HADAS DIARY – Forthcoming lectures and events

You will all be aware by now that, for the duration, our lectures are being held by Zoom, so that instead of coming to lovely historic Avenue House you have to click on various links on your boring computer in whatever boring room you keep it. What, I hear some of you ask, if I haven’t got a computer, or it has succumbed to a virus of its own? Well, you have to wait until you receive your HADAS newsletter through the post, and hope that by the spring we shall be able to have proper meetings again. But in the meantime (and isn’t it a mean time?) do keep in touch with your society – addresses at the end of this newsletter.

On Tuesday 12th January we shall have our Annual General Meeting followed by a talk by Dr Bly Straube, Senior Curator at Jamestown Settlement, Virginia, USA, entitled “Surprises from the Soil: Archaeological Discoveries at 17th century Jamestown, Virginia”. All details were in the December newsletter.

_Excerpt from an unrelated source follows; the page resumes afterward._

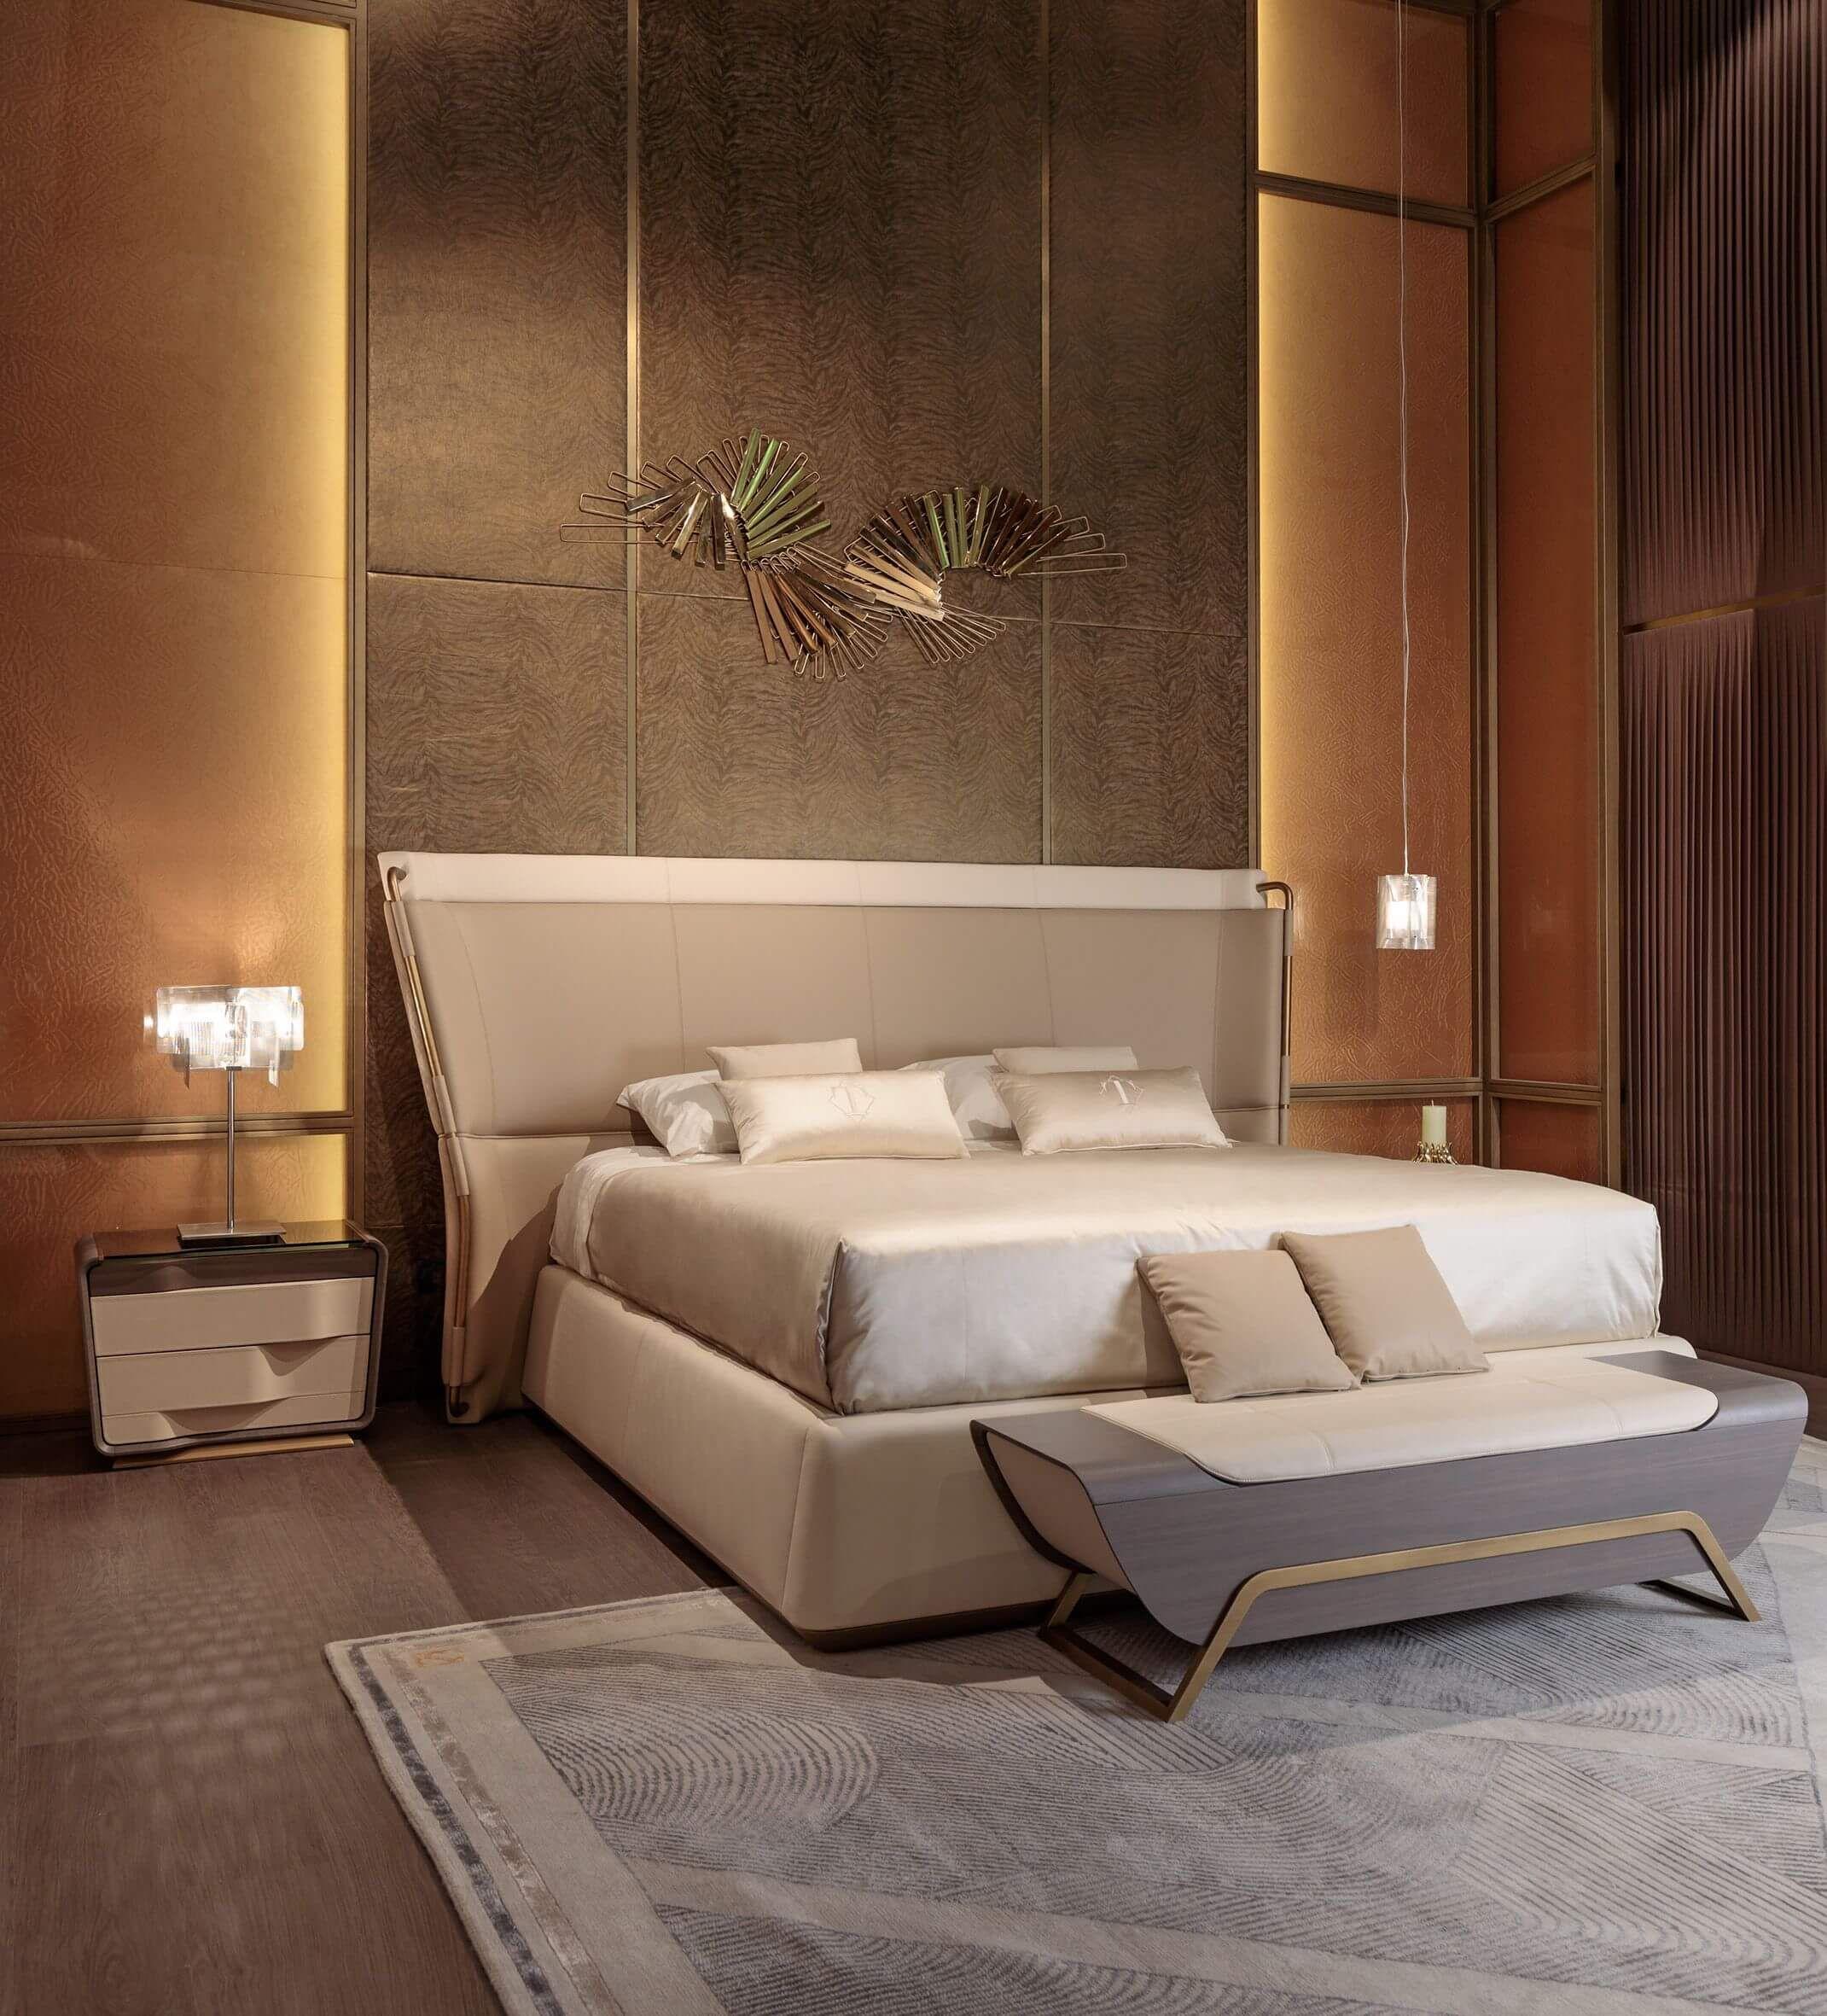 55 Cozy Master Bedroom Ideas 2020 For Your Inspiration Dovenda In 2020 Luxury Bedroom Furniture Contemporary Bedroom Design Luxurious Bedrooms

The meeting will be on Zoom from 7.15 for a 7.30 start, and we shall be sending out an invitation email with an instruction how to join on the day.

Virtually no other societies are holding physical meetings during this pandemic, and so our newsletters no longer include Eric Morgan’s much-loved list. But we are not the only organisation to have a programme of talks online. It is well worth exploring what is on offer, and the terms on which non-members can have access – you usually have to book in advance, and sometimes to pay; some are recorded and can be seen at any time on YouTube. For instance, I know that the Society of Antiquaries have a varied programme of lectures on Zoom or YouTube free, and the Victorian Society have a lot on ‘Crowdcast’ at £5 each – I recently watched Stephen Brindle on Queen Victoria and the railways., and ‘Liverpool, Mercantile City’ should interest those of you who were on our Frodsham trip in 2017.
LAMAS lectures are online via Zoom and cost £2.50 for non-members, look out, among others, for Roger Chapman’s talk on Clitterhouse Farm on 9th March 2021.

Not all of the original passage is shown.